• [Information supplied]:
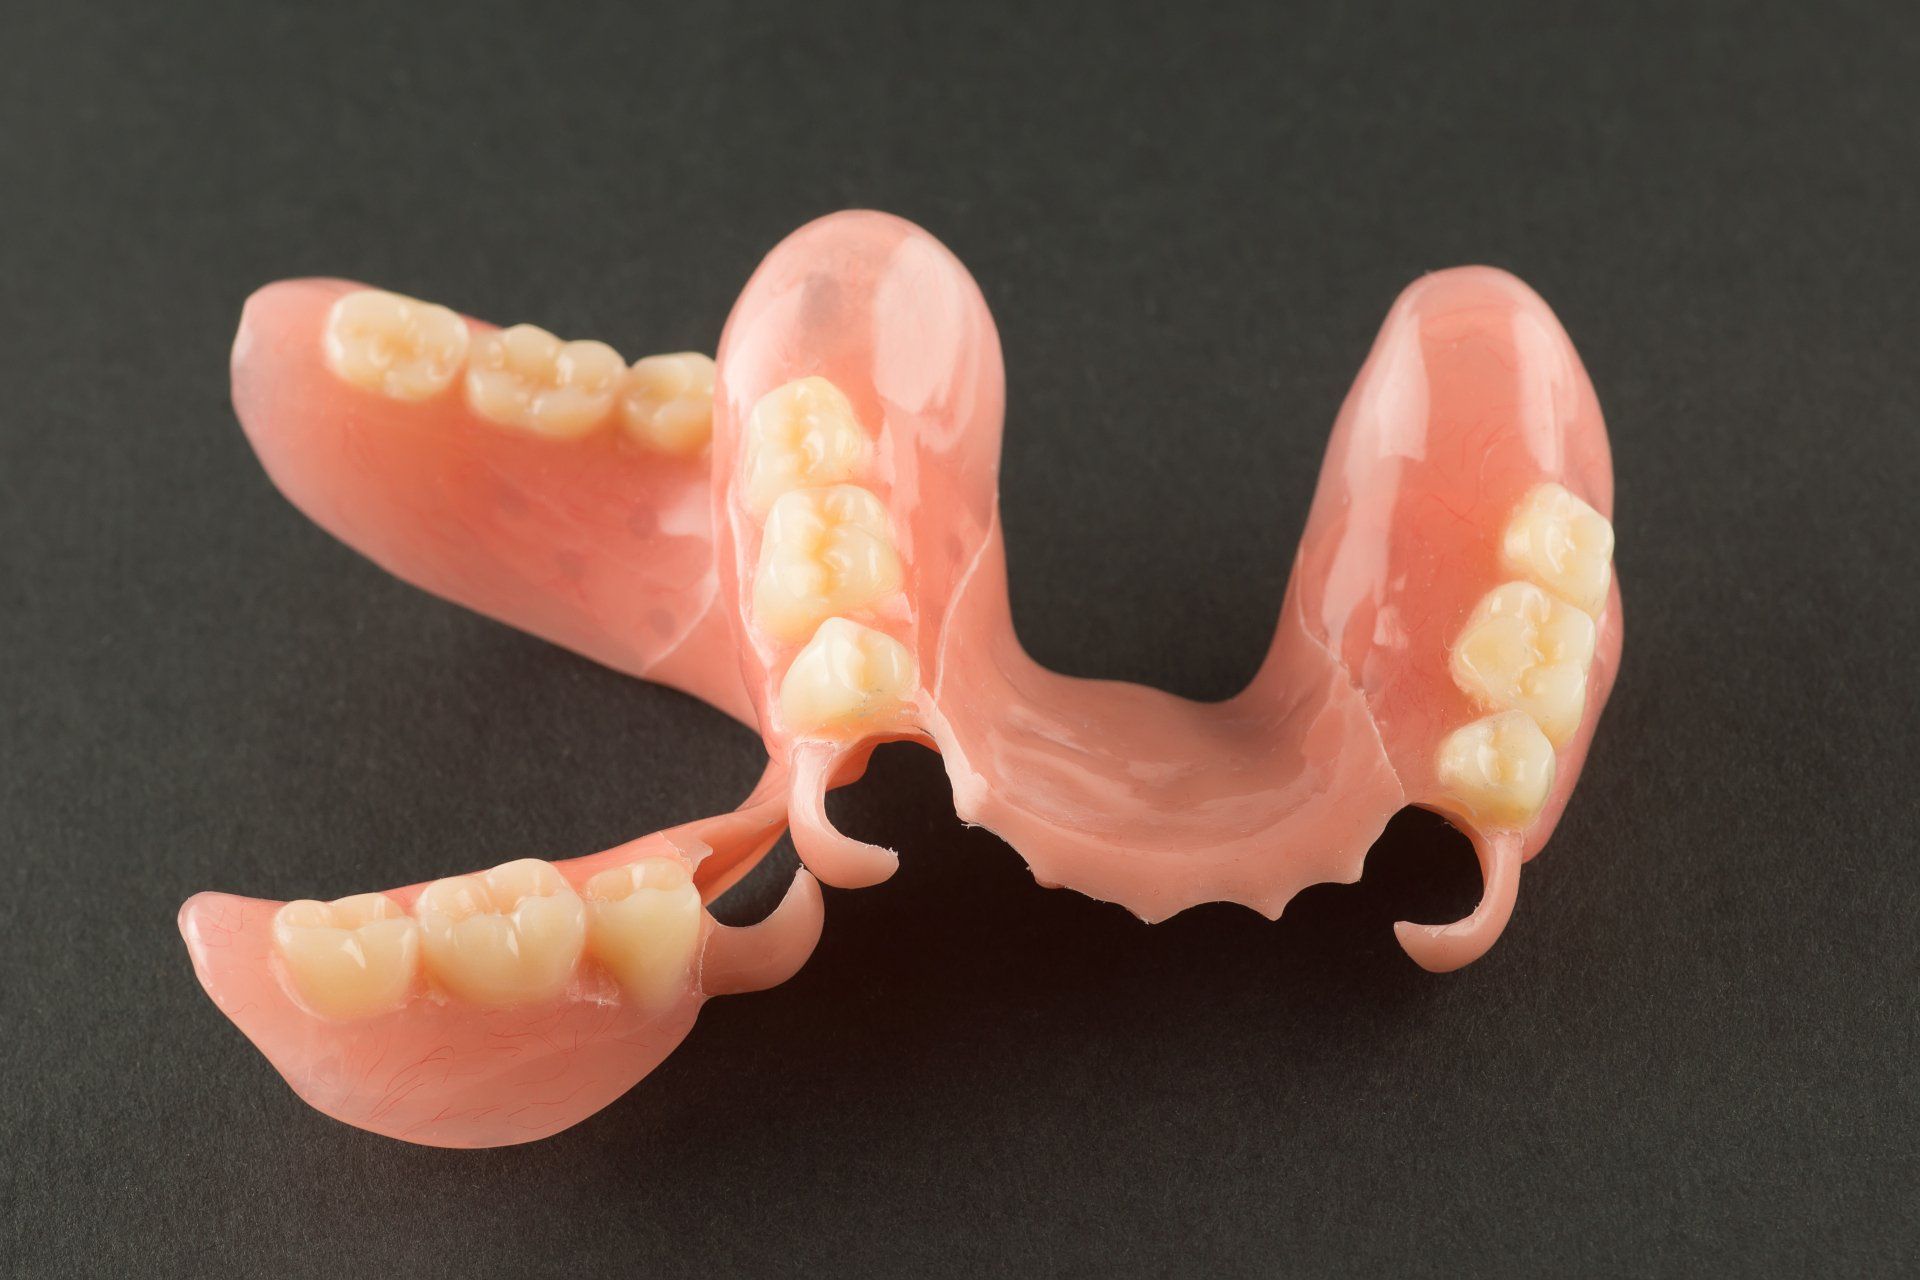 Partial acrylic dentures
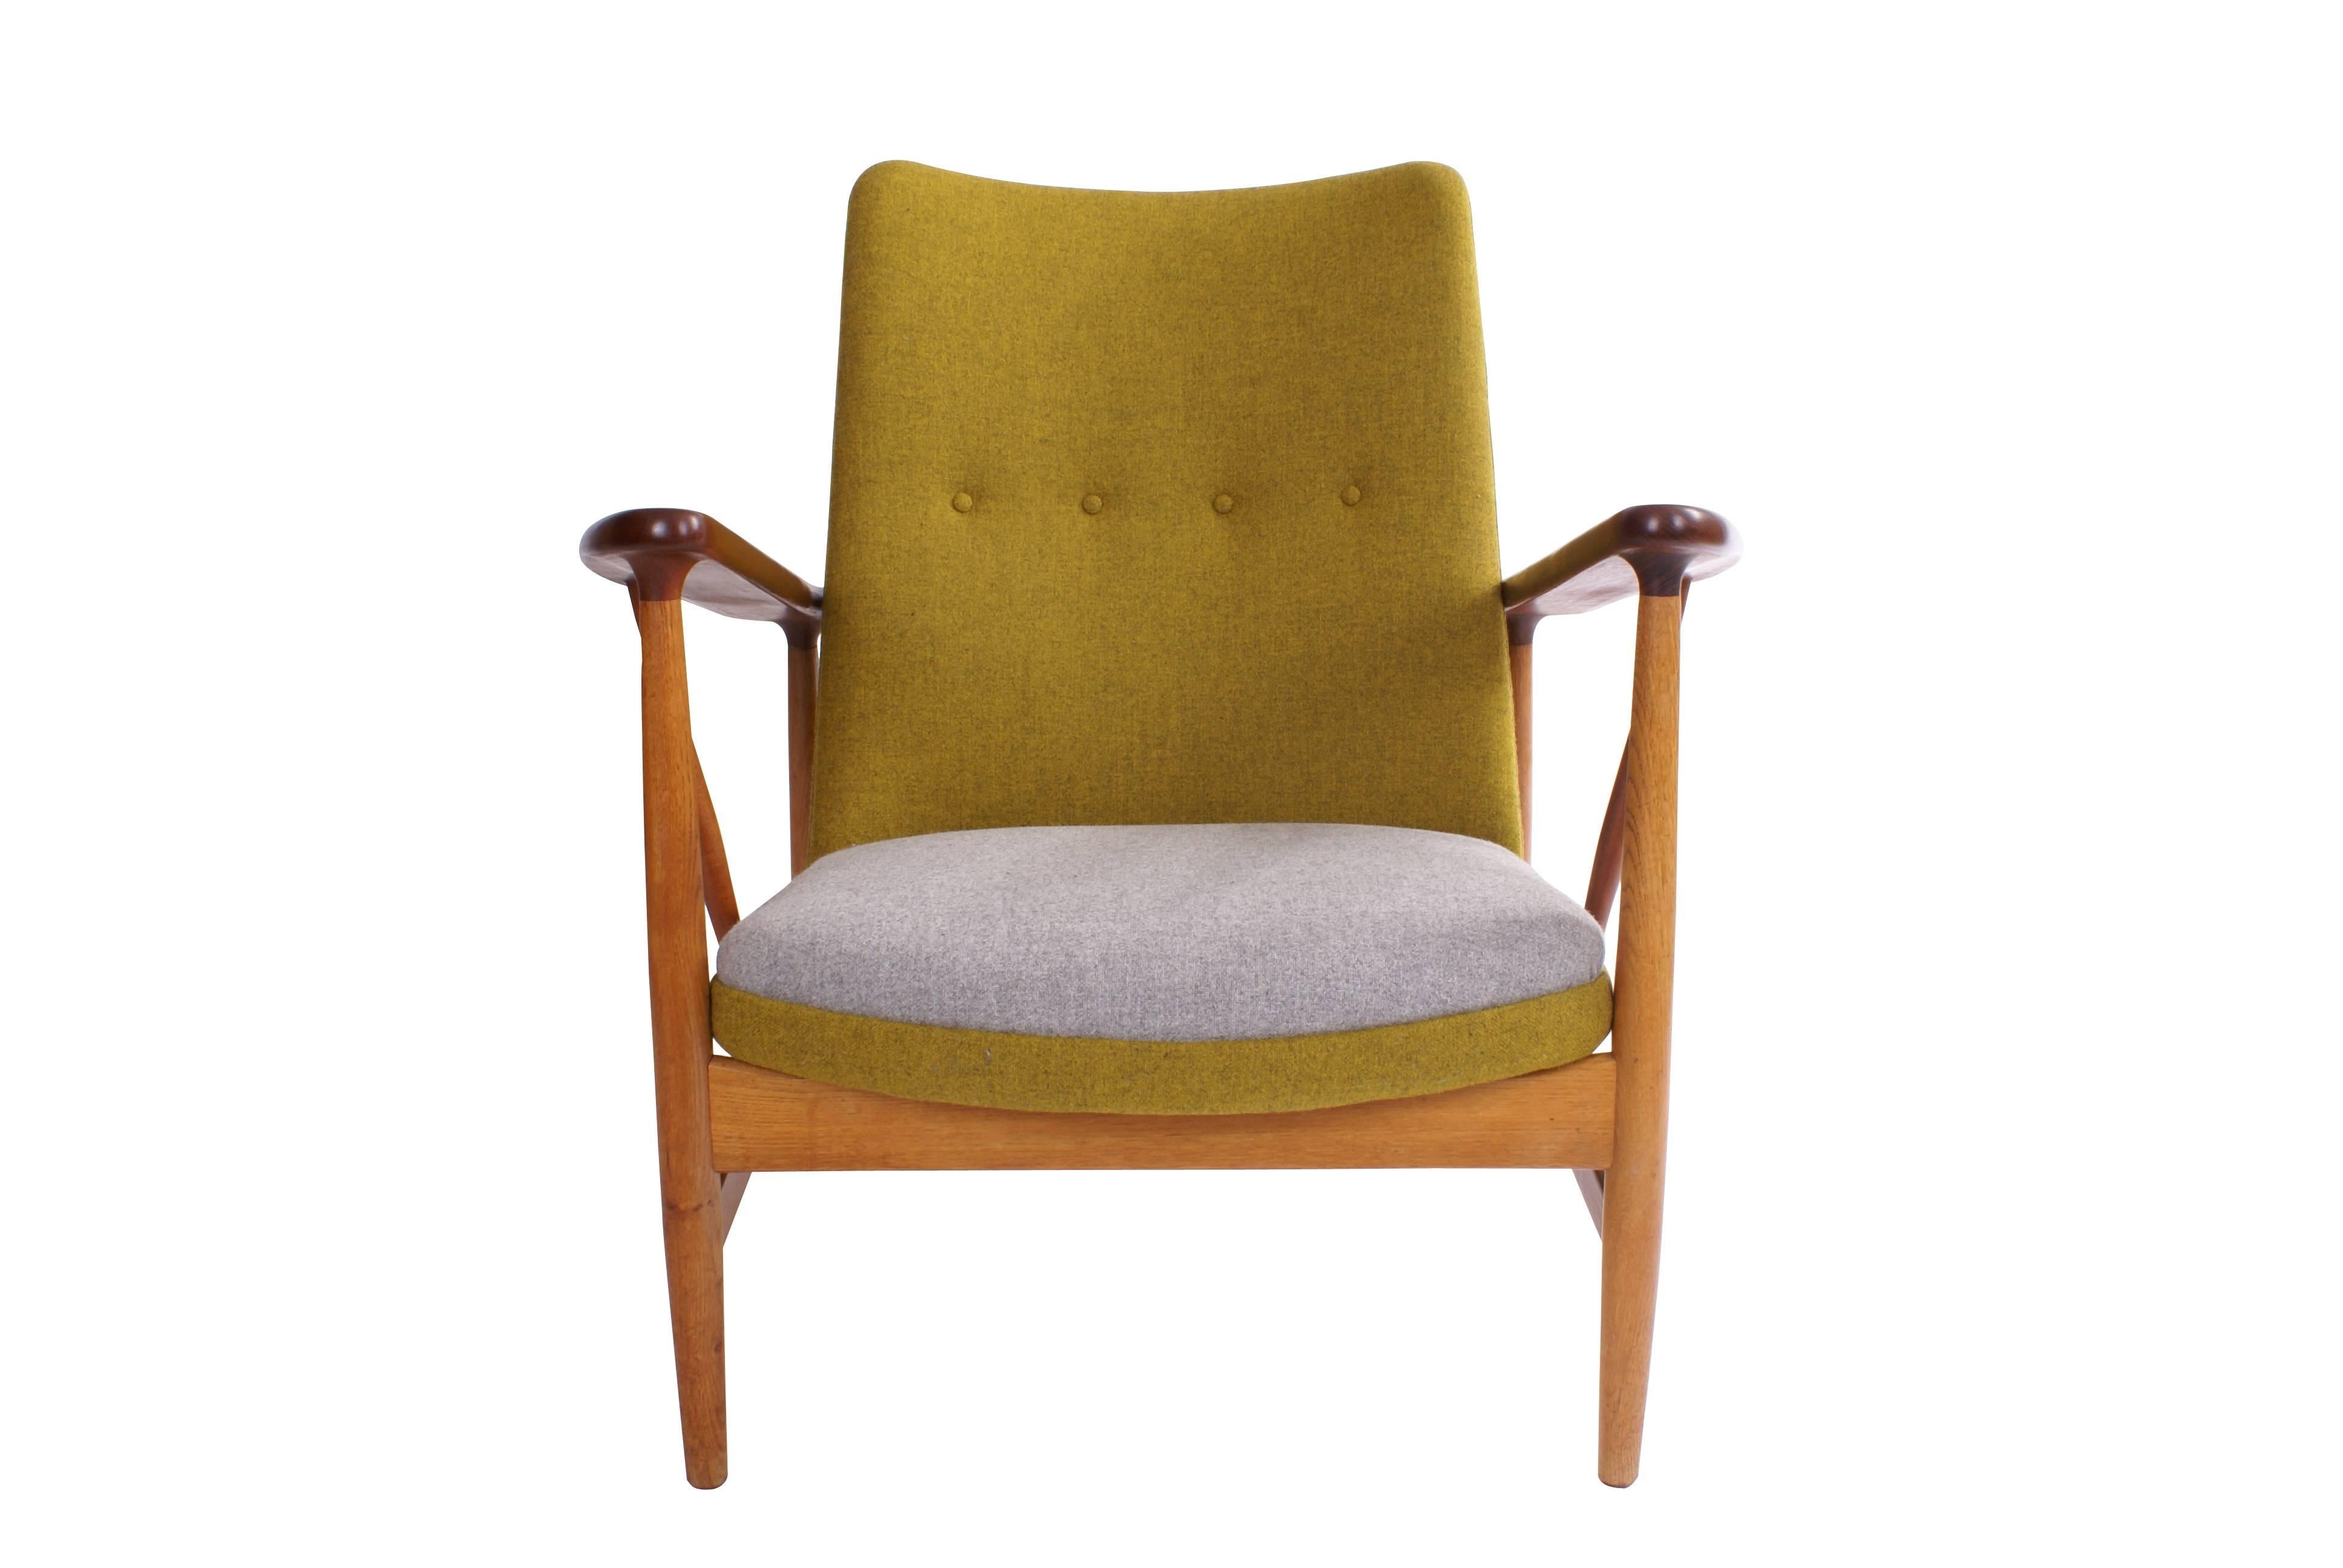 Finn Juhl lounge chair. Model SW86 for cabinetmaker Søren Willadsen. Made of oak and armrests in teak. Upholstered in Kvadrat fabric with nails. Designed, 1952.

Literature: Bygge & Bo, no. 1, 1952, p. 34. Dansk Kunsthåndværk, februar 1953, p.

• [Task prompt]: Return the whole of the material above exactly, with no picture carried over.

• [Expected answer]:
 Partial acrylic dentures
 Finn Juhl lounge chair. Model SW86 for cabinetmaker Søren Willadsen. Made of oak and armrests in teak. Upholstered in Kvadrat fabric with nails. Designed, 1952.

Literature: Bygge & Bo, no. 1, 1952, p. 34. Dansk Kunsthåndværk, februar 1953, p.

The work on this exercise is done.